Monday, February 05, 2007

Cash For Honours.

The Government, allegedly, has been selling Honours to its dwindling number of wealthy supporters, in order to stave of bankruptcy of the Party. There is nothing new in such accusations; or in the actuality. Lloyd George sold peerages to businessmen, and to salve the consciences of husbands cuckolded by his intemperance. Wilson at least had the good manners [and sense] to wait until his last Honours list to hand out the goody bags. But in recent years we have lost the habit of expecting, or demanding, better.

What makes it so galling this time round is, as you might imagine, spin.

The police are conducting a lengthy, detailed, and extremely sensitive investigation into corruption that goes to the very top of the legislature; the Prime Minister has been interviewed twice, Lord Levy [responsible for party fund-raising!] arrested twice. If charges are eventually brought to court, it will shatter the remaining, frail faith in Britain’s democratic processes; it will be our Watergate.
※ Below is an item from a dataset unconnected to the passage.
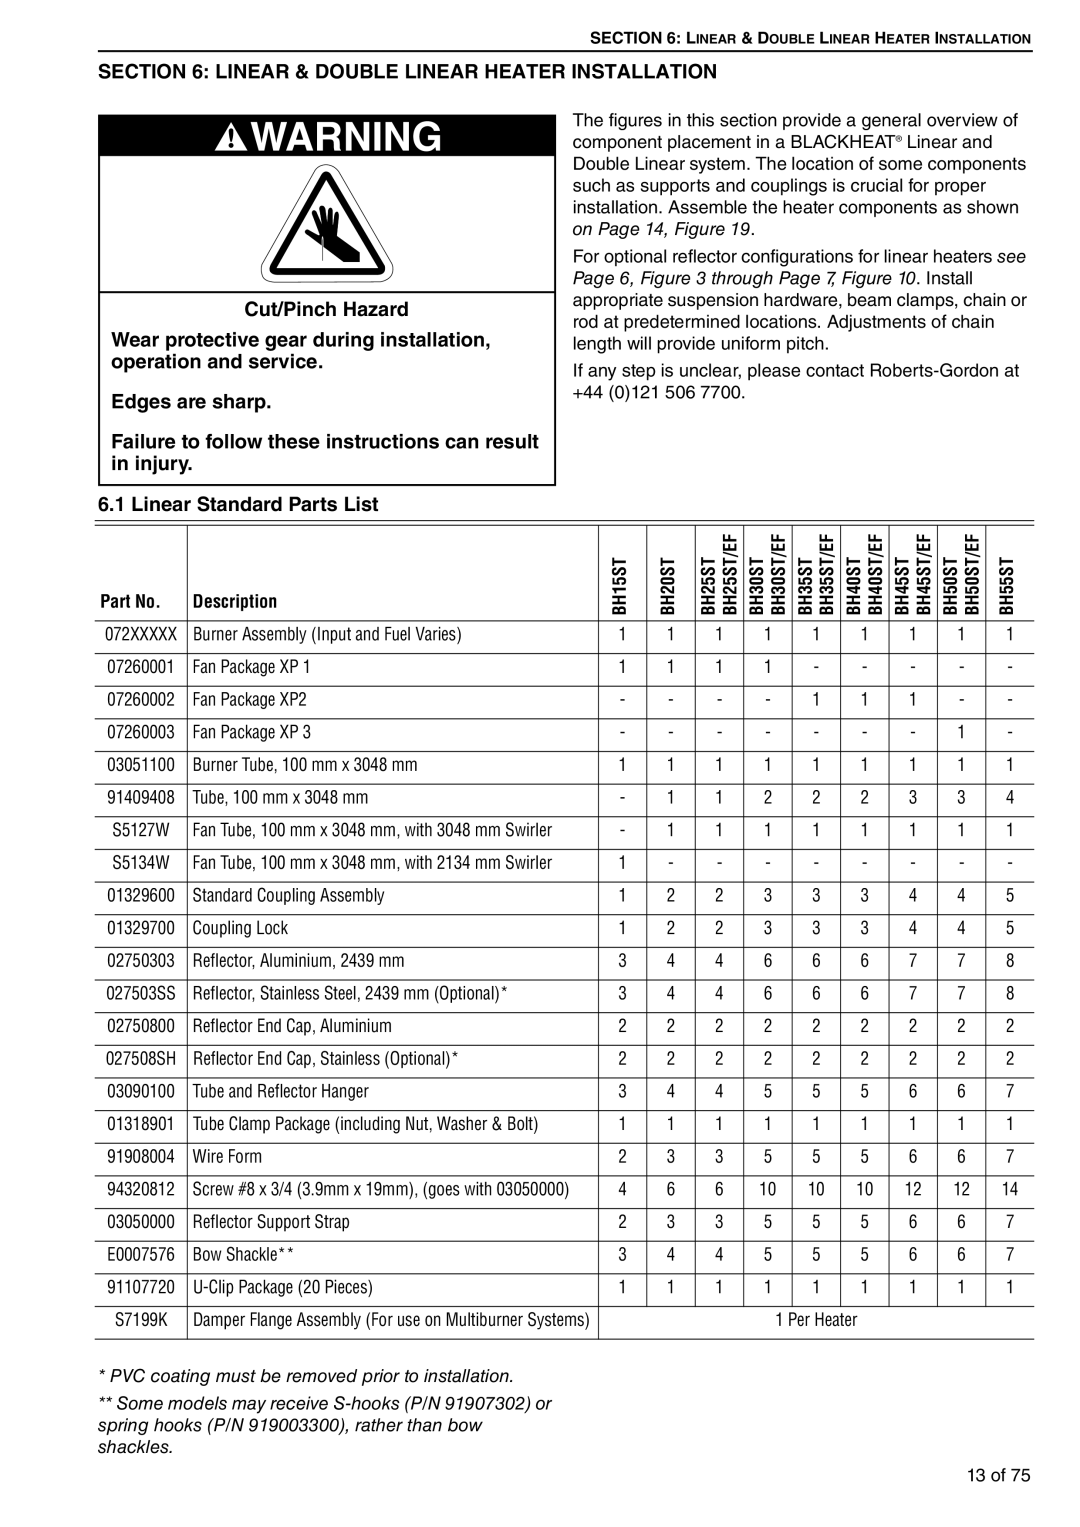 Roberts Gorden BH45ST/EF Linear Standard Parts List, Cut/Pinch Hazard, Edges are sharp, Part No, Description, BH15ST

And yet No. 10 has put forward an anonymous aide [and these things, we can be sure, don’t happen without detailed planning] to complain about the delays in the investigation, led by Assistant Commissioner John Yates. The investigation, says the spokesman, “is blight on all politics, not just on the Labour Party”. Consequently, No 10 says it has no credence in what the police say, because the investigation has taken some five months longer than anticipated, or desired.

Assistant Commissioner Yates is compared by the pro-government media to Kenneth Starr, the monomaniacal Special Prosecutor hounding Bill Clinton out of the White House, like a modern day Witchsmeller Pursuivant. This seems at best unlikely; at worst a deliberate attempt to pervert the course of justice by questioning the professional authority of the investigating detective.

Perhaps, we humbly suggest to you, the blight poisoning the democratic bloodstream of British politics is the politicians themselves. Things are bad enough if they can’t recognise that; they are totally lost if politicians are maliciously undermining the forces of law and order.

Power, they say, corrupts; and absolute power corrupts absolutely.

Andrew Mishmash

3 comments:

Steerforth said...

Absolutely. We need to introduce state funding for political parties and ban this archaic system of petronage.

Anonymous said...

Let me get this right, as a taxpayer I have to pay political parties that i want nothing to do with, and pay for these clowns try to get in to office. Why don't we make open,companies,people can pay as much as they want and all put on the open record. Put taxpayers money where it should be put,at the moment cuts in healthcare ,schools, etc and you want more of the cake to pay for a political party. My life!!!!

Anonymous said...

Better still, ban the Parties and make all the MPs indipendant.